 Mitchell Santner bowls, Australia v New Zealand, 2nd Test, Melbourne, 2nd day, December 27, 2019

...

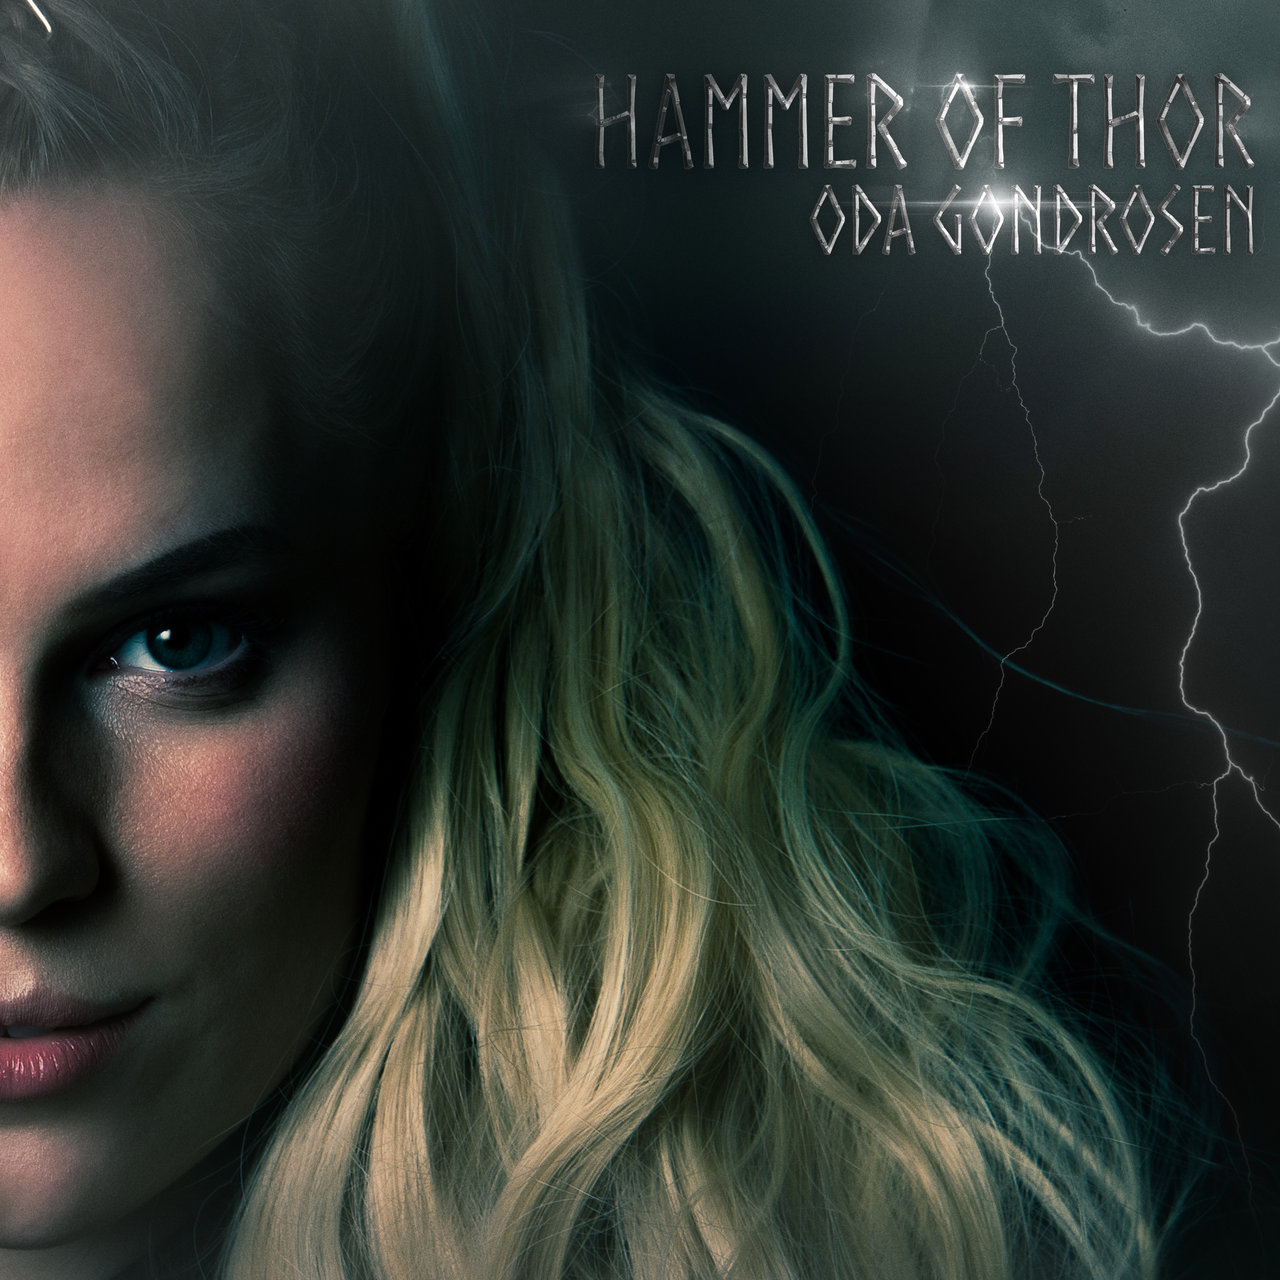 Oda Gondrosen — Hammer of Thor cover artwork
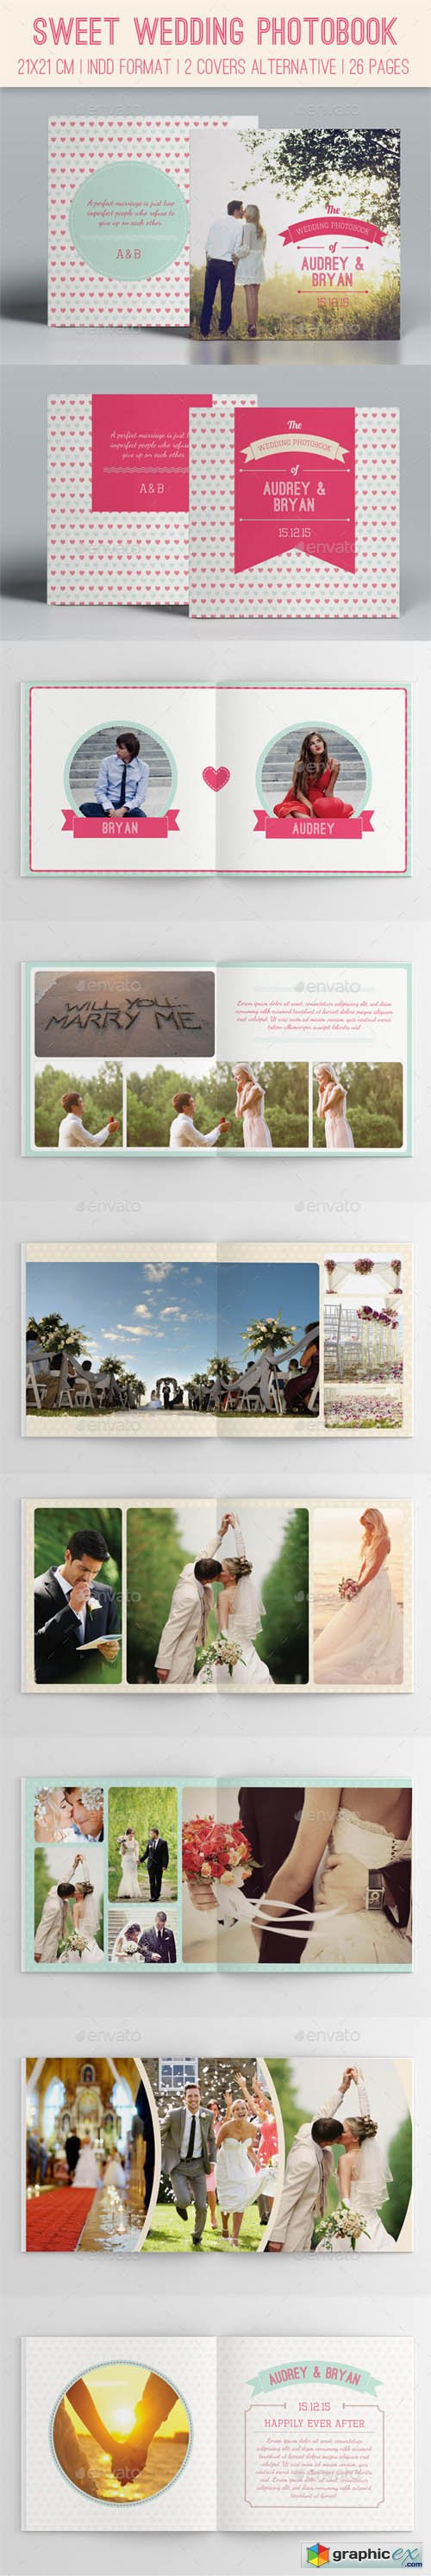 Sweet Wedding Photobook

Exercise prompt:
Once the line with "Oda Gondrosen — Hammer of Thor cover artwork" is found in the data above, reproduce it and each line after it exactly, through the line with "Sweet Wedding Photobook". Omit the pictures.

Task answer:
 Oda Gondrosen — Hammer of Thor cover artwork
 Sweet Wedding Photobook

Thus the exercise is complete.